International Mammalian Genome Society

The 13th International Mouse Genome Conference
October 31-November 3, 1999

Table of Contents * Structure * Bioinformatics * Sequence * Mapping * New Tools * Gene Discovery * Developmental * Mutagenesis * Functional Genomics

E56 The Use of Speed-Backcrosses for Updating the Harwell Mutant Map: A Novel Application for IVF Allows Rapid Generation of Large Numbers of Mice for Genotype Analysis

Christine Wells, Peter Glenister, Claire Thornton, Sarah Smythe and Steve Brown. Medical Research Council, Mammalian Genetics Unit, Harwell, OX11 0RD, UK

The success of the Harwell ENU mutagenesis programme has necessitated finding novel approaches to facilitate mapping the large numbers of interesting phenotypes already generated. For many years the major bottleneck for any mapping project has traditionally been the generation of sufficient numbers of backcross animals.

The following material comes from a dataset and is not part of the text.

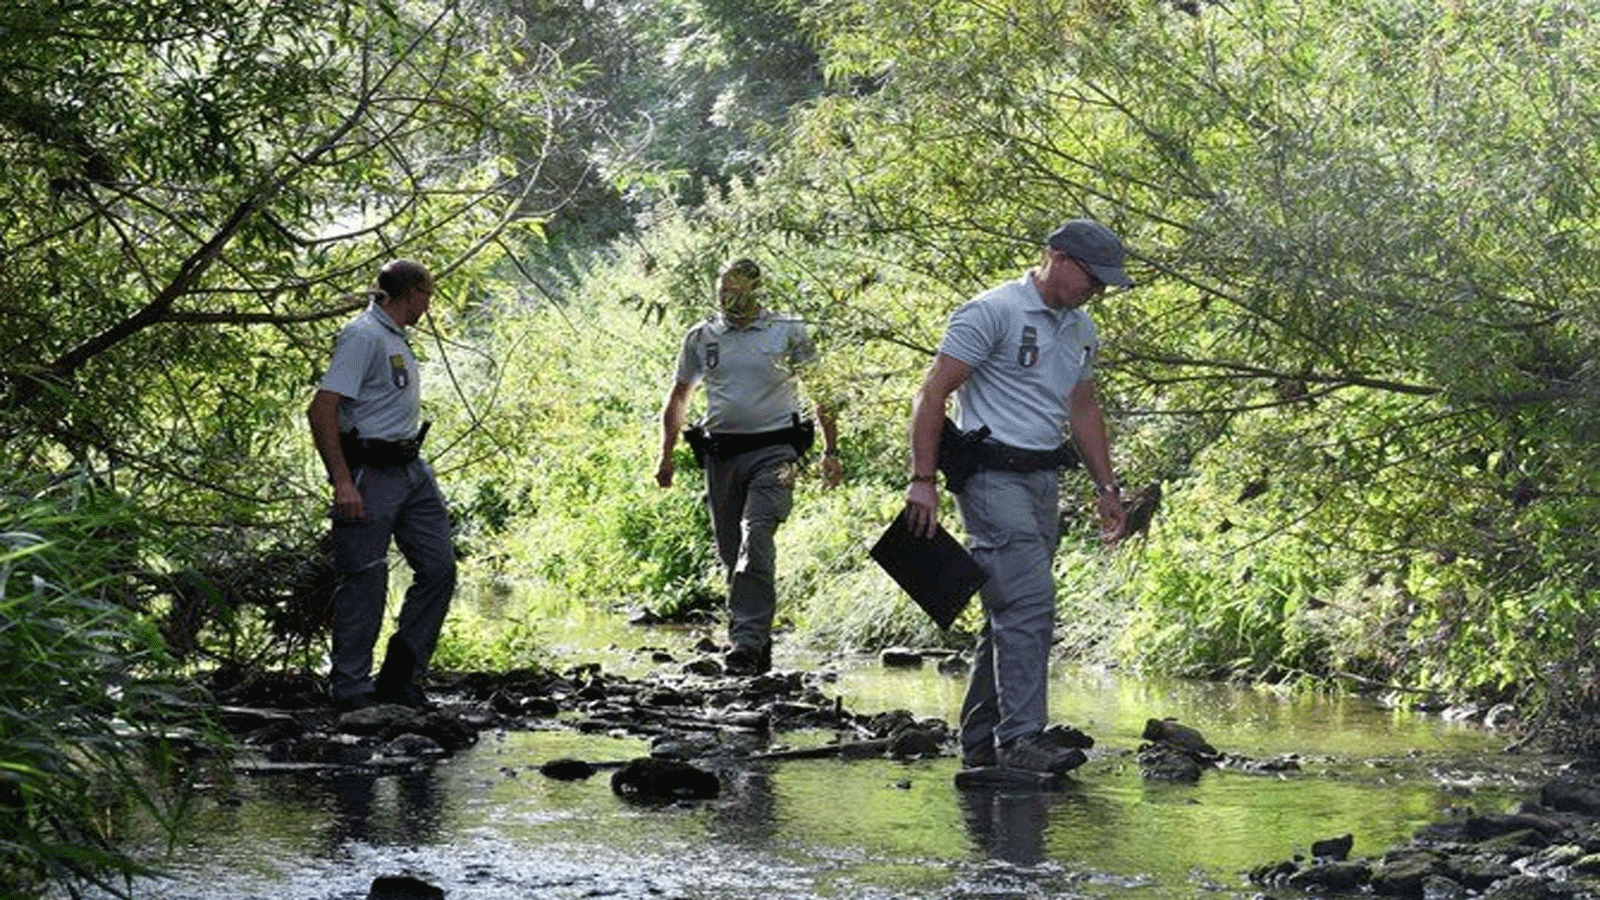 أعضاء المكتب الفرنسي للتنوع البيولوجي يتفقدون منسوب نهر يسير وسط جفاف شديد في البلاد في هرتسيلي شمال فرنسا يوم الثلاثاء 2 آب\أغسطس 2022

By the use of in vitro fertilisation we have obtained large numbers of animals in a very short space of time. Furthermore, this approach has cut demand on our animal facility by circumventing the traditional breeding route. More than 100 backcross progeny are routinely produced from one IVF session, the equivalent of 15 - 20 natural matings. The recipient foster females (~12 - 18) are housed in groups of 6 until just before parturition thus saving animal house space. A further advantage is that all the backcross animals are born and weaned on the same day. When the phenotype is classifiable, tail snips are frozen for genotype analysis and the animals removed from the shelf. IVF has proven so successful in this application that we are also able to archive lines by banking surplus embryos as well as freezing excess sperm for future IVF's if required.

Using this approach, 23 lines have been expanded for mapping in the initial 6 months. Using a multiplexed fluorescent genome scan we are aiming to map 20 lines within 10cM over the next year. Map positions have been obtained for 6 of these lines, representing several new loci. It now appears that the bottleneck has moved to the number of lines that can be screened; future work will be directed towards high throughput genomic analysis.